#### Given information
*** Begin section ***

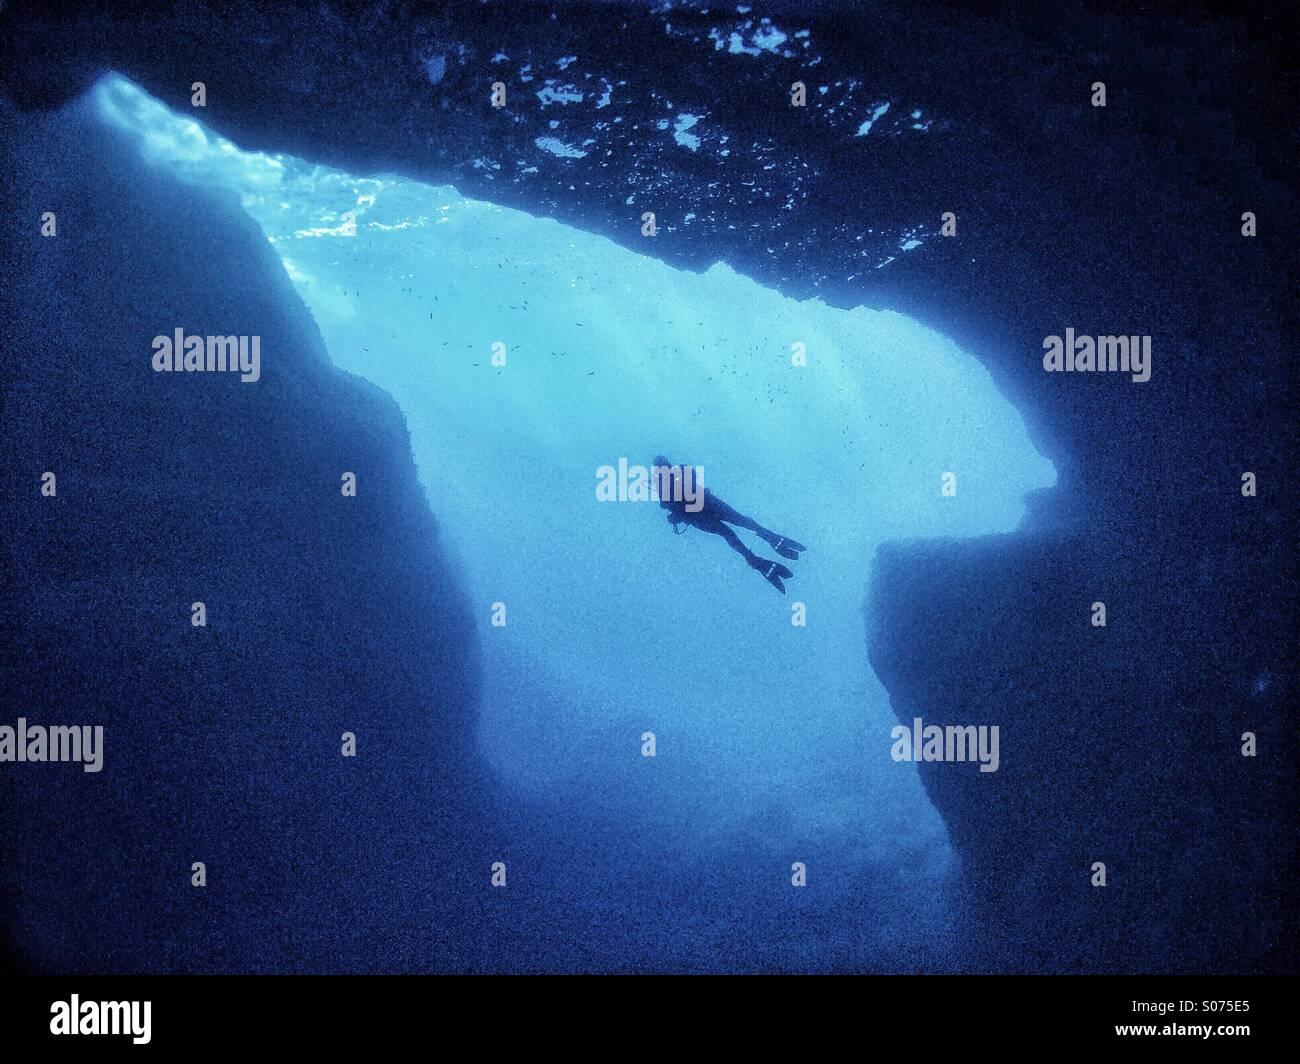 Mature male scuba diver swimming across underwater cavern - Stock Image
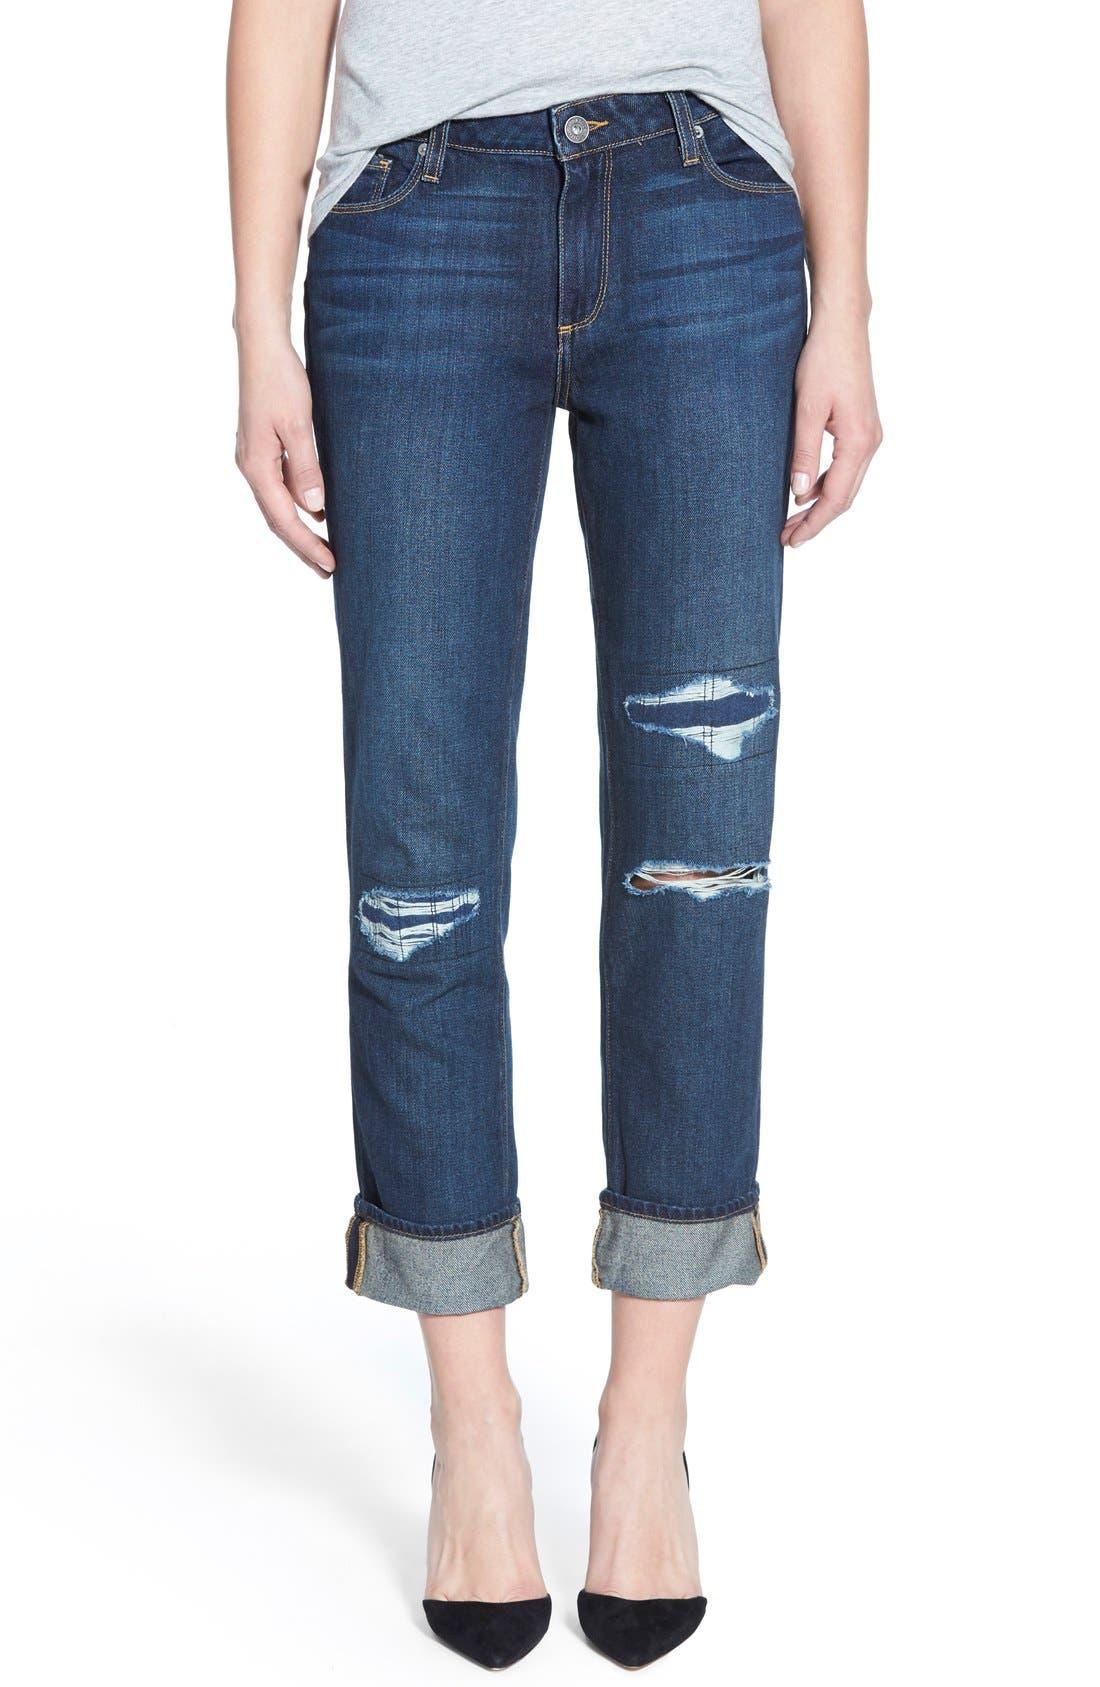 Alternate Image 1 Selected - Paige Denim 'Porter' Boyfriend Jeans (Talley Destructed)
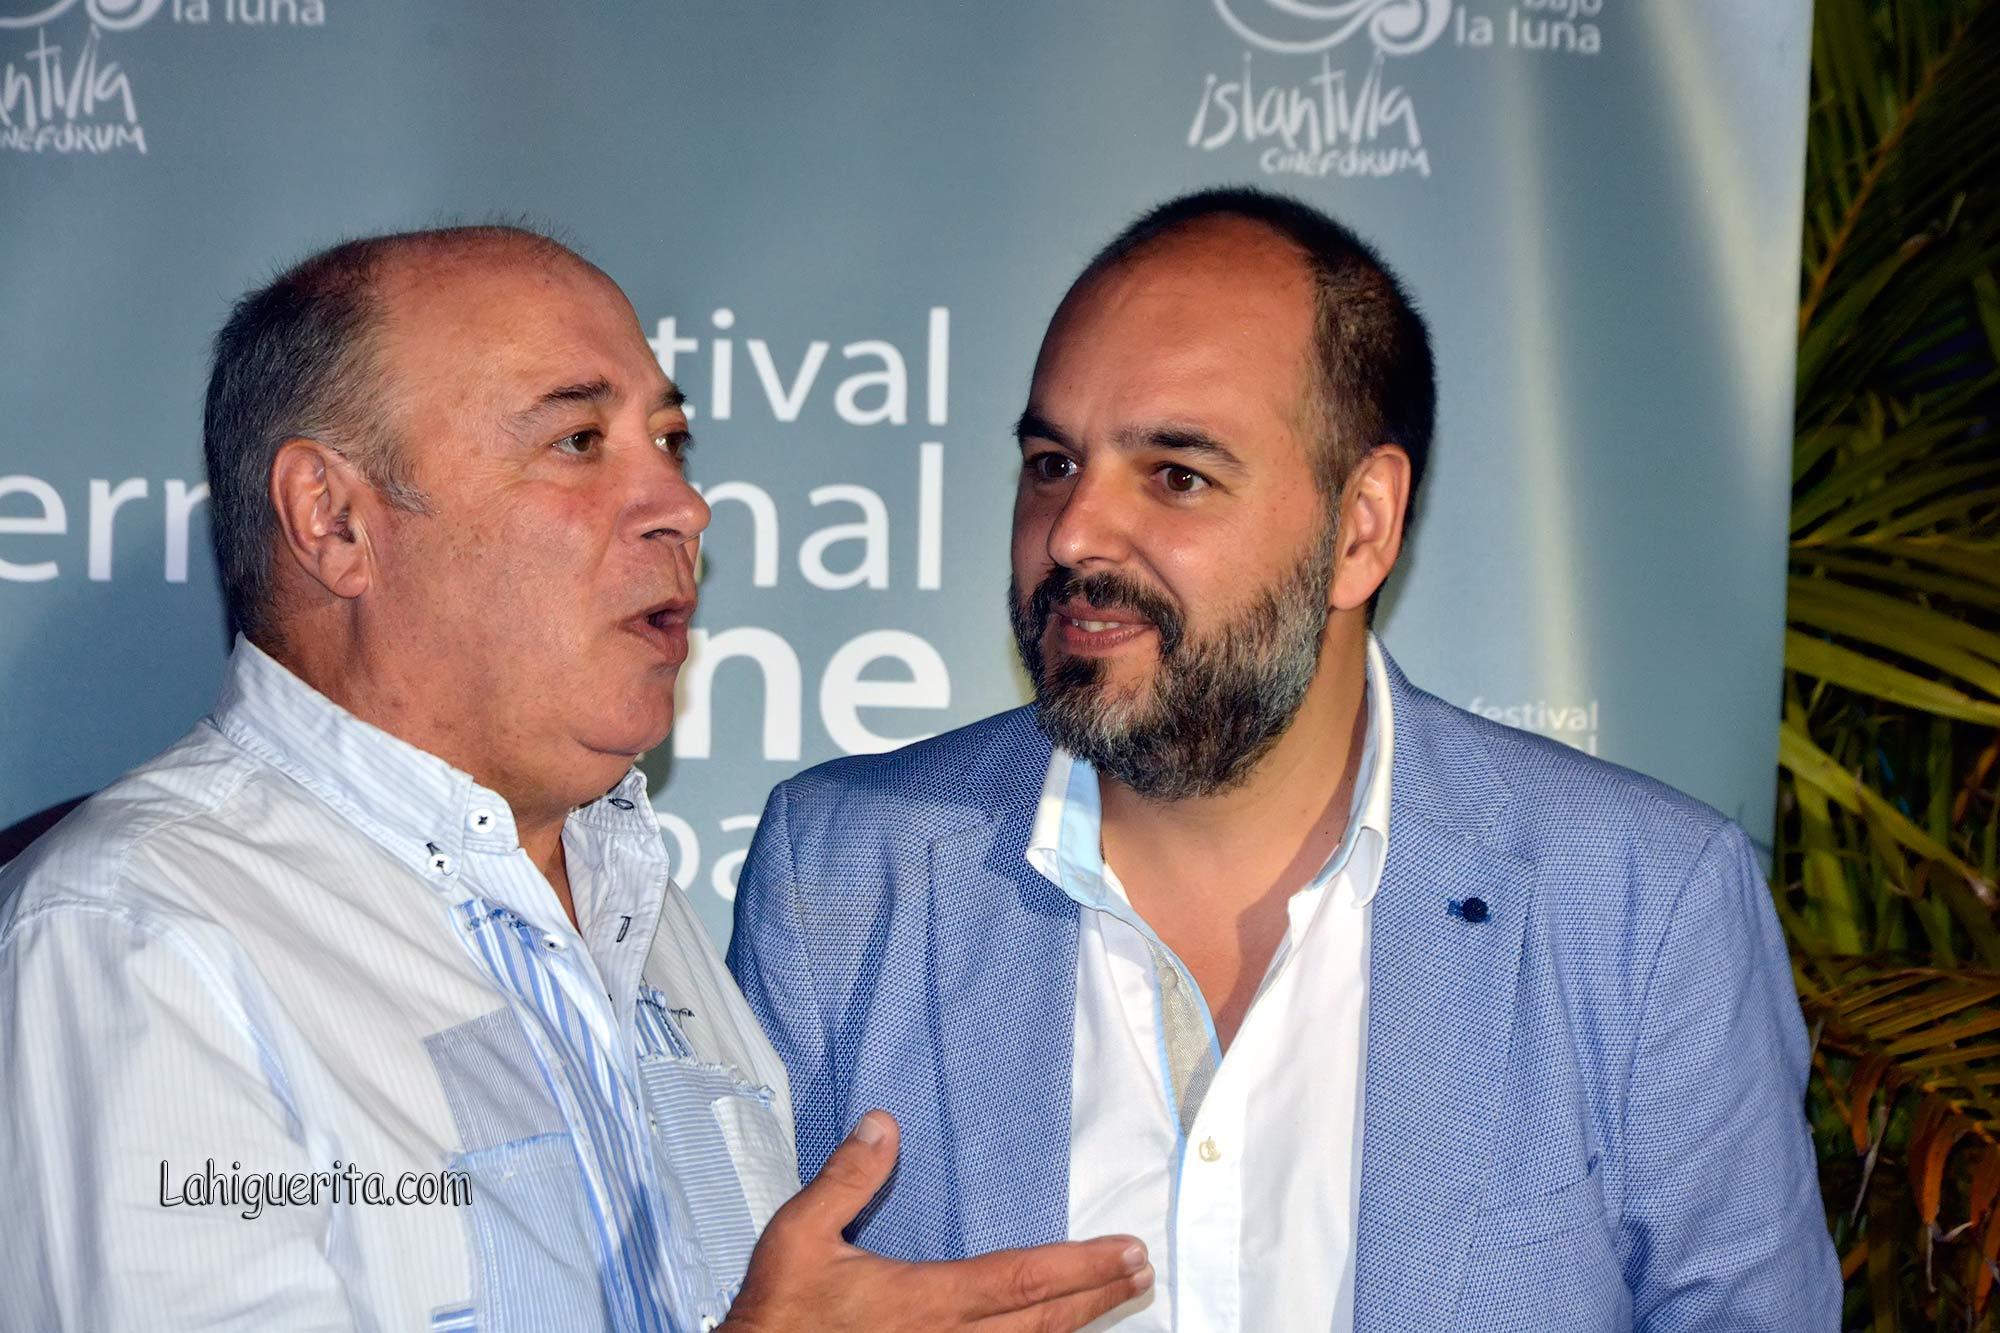 Francisco-Zamudio-Esteban-Magaz-_DSC8314

*** End section ***

#### Exercise
Word for word, restate all of the data, but do not copy the pictures.

#### Written solution
 Mature male scuba diver swimming across underwater cavern - Stock Image
 Alternate Image 1 Selected - Paige Denim 'Porter' Boyfriend Jeans (Talley Destructed)
 Francisco-Zamudio-Esteban-Magaz-_DSC8314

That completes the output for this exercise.